▶ **PROBLEM STATEMENT**
Everything from the line holding "DreamWorks Trolls Purple/Blue" through the last line of the data, and nothing else, should be retyped exactly, with no pictures.

▶ **DATA EXTRACT**
****************

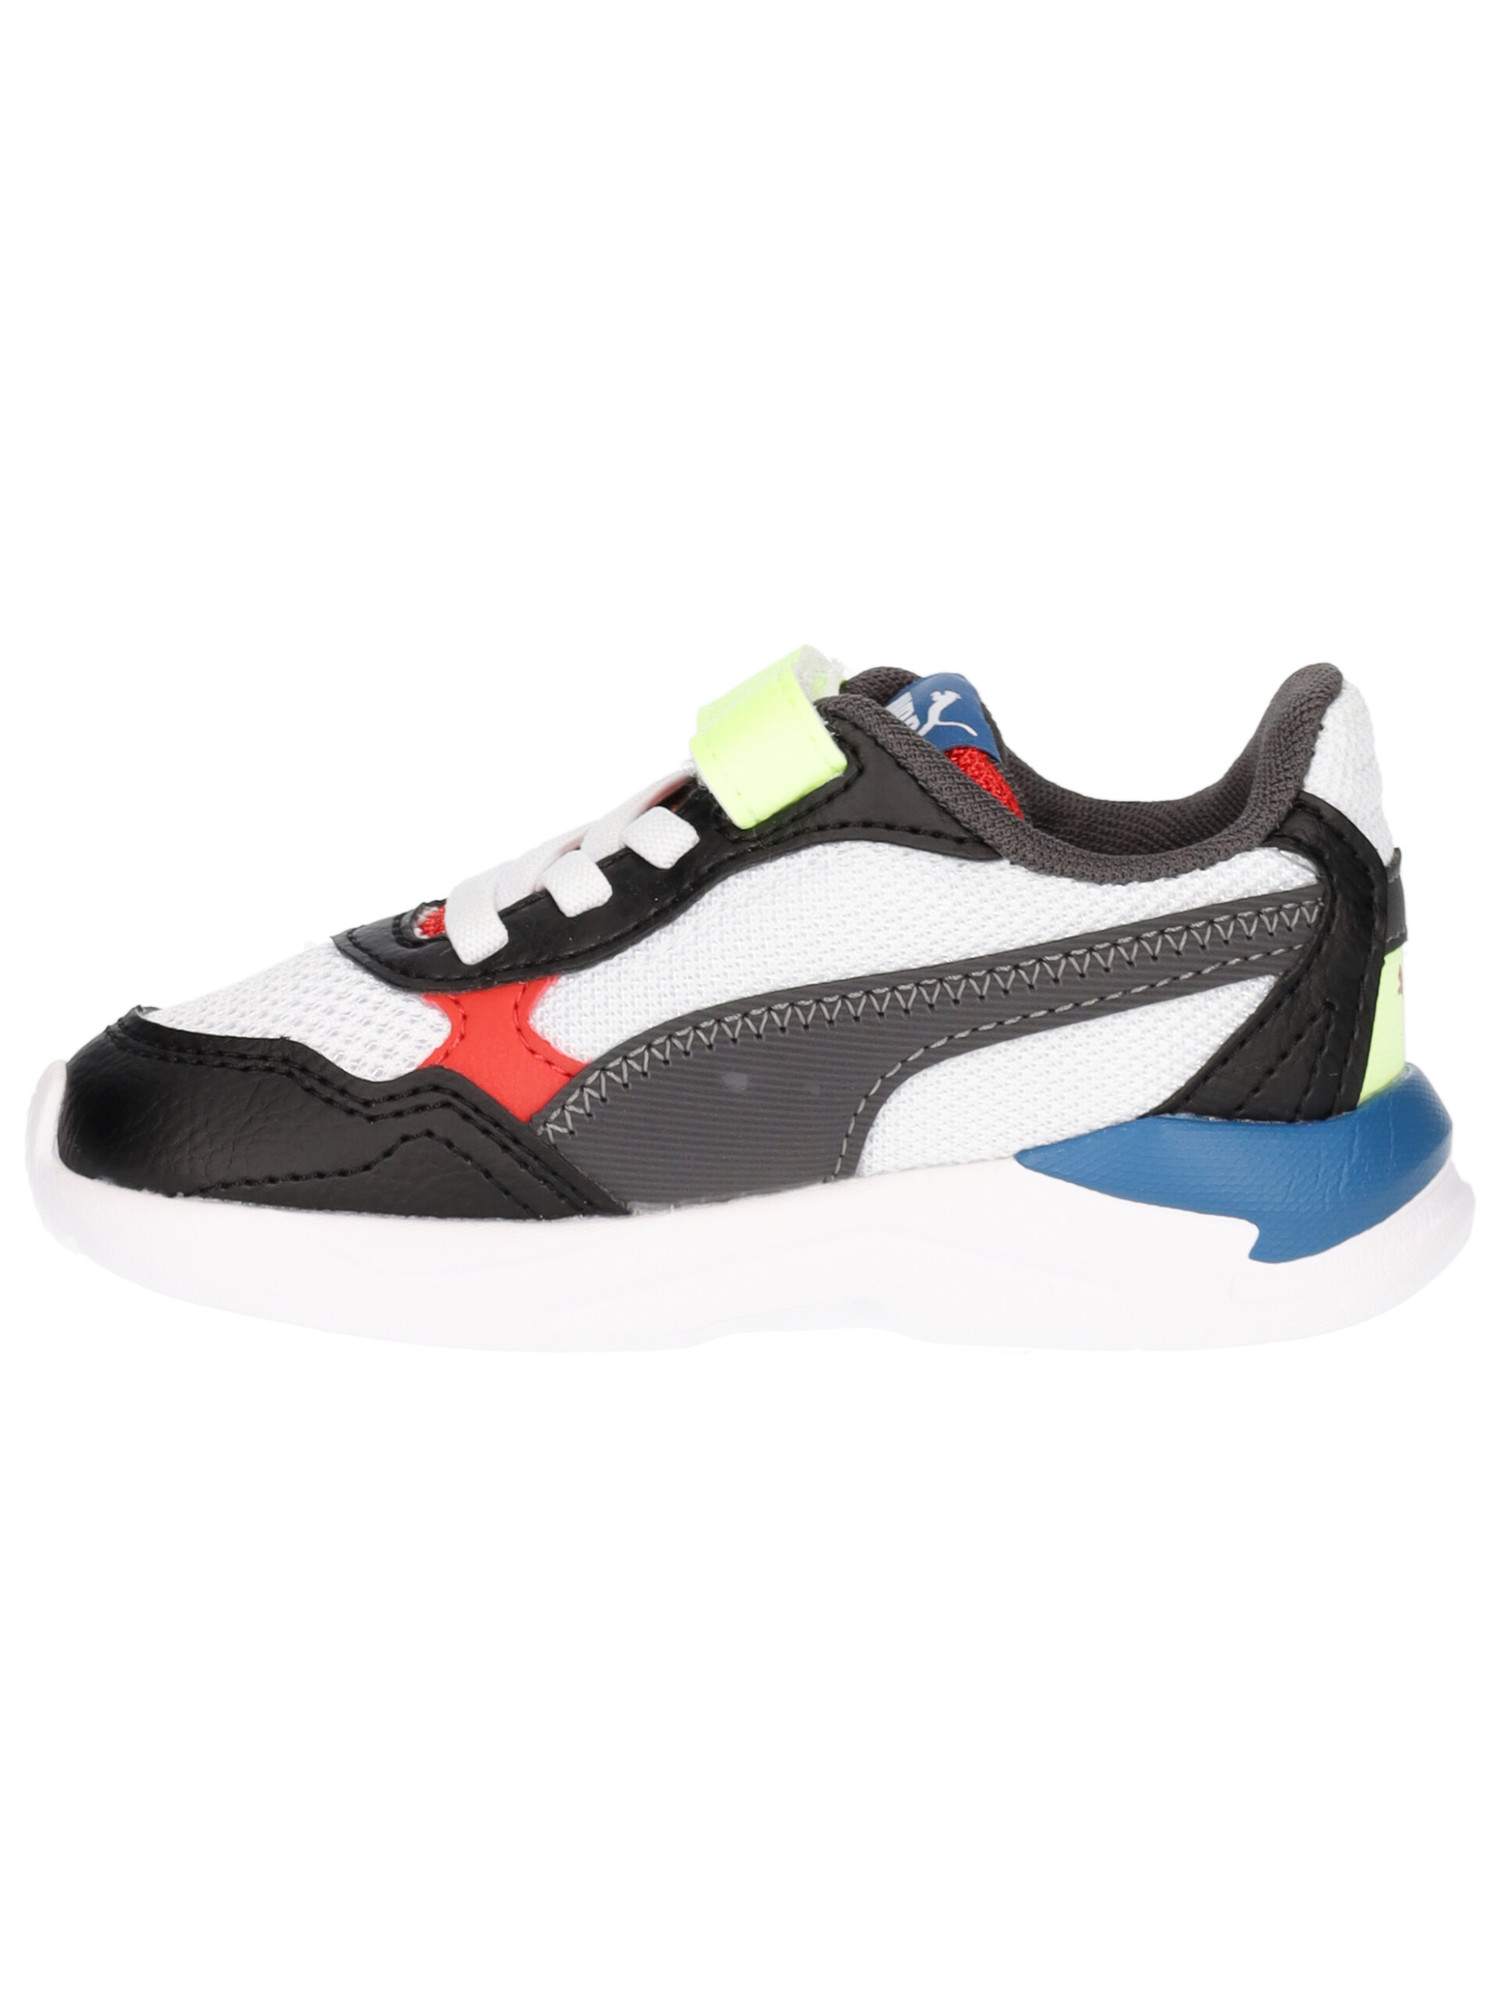 sneaker-puma-x-ray-speed-primi-passi-bambino-multicolor-8b4fa8
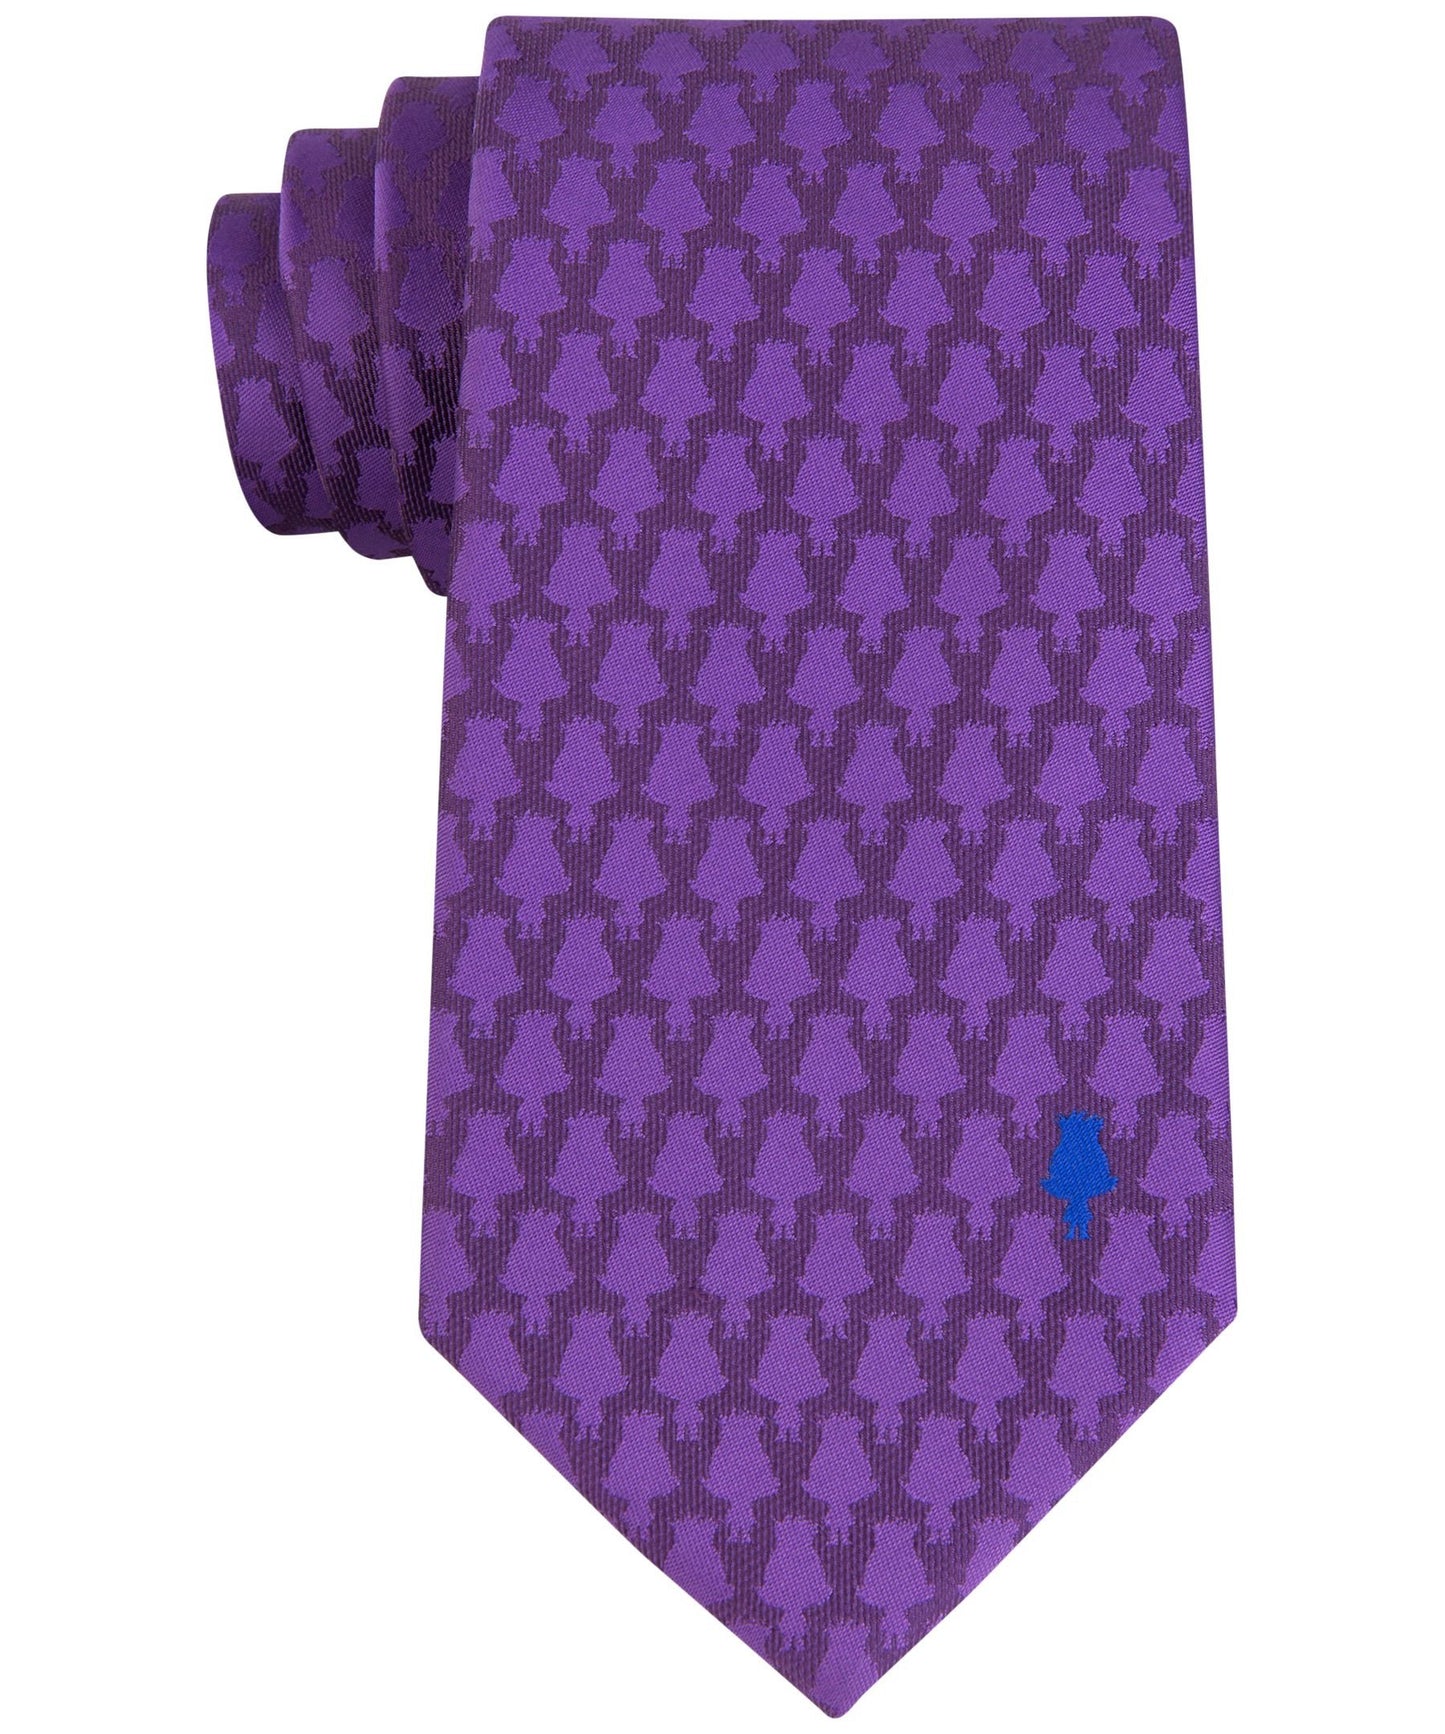 DreamWorks Trolls Purple/Blue Branch Silhouette Panel Necktie
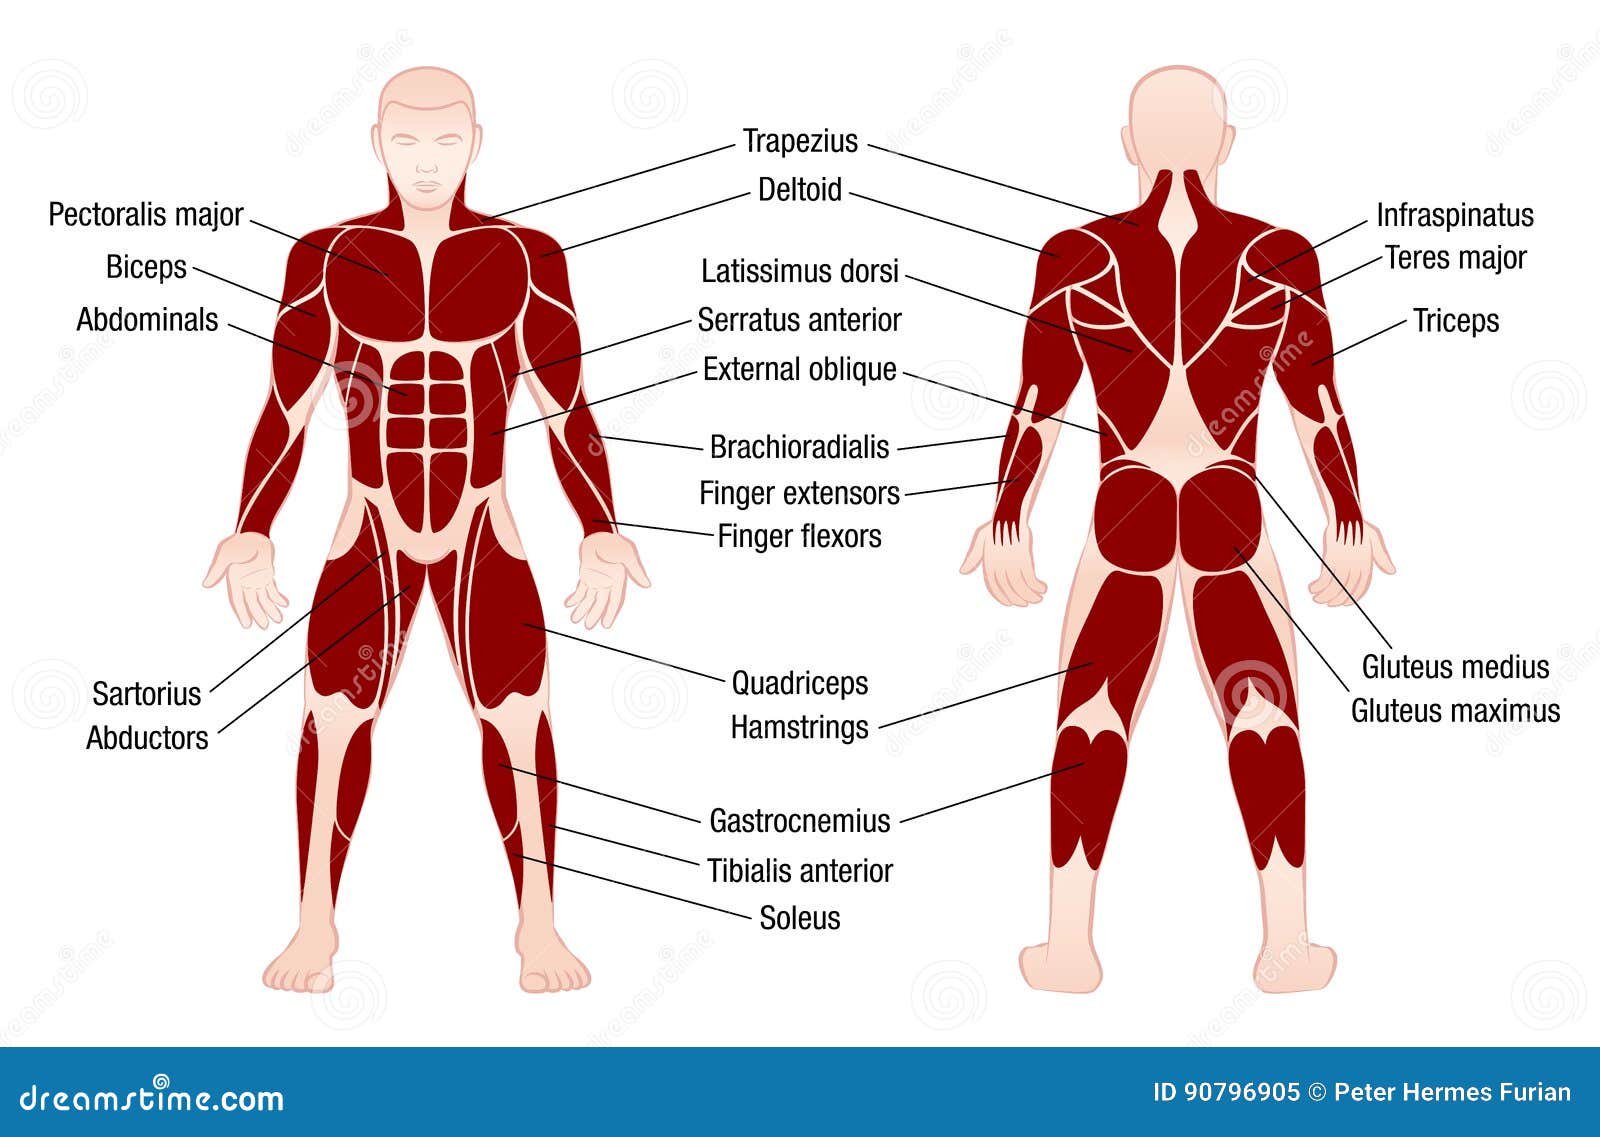 Muscles Chart Description Muscular Body Man Stock Vector ...

****************

▶ **YOUR SOLUTION**
 DreamWorks Trolls Purple/Blue Branch Silhouette Panel Necktie
 Muscles Chart Description Muscular Body Man Stock Vector ...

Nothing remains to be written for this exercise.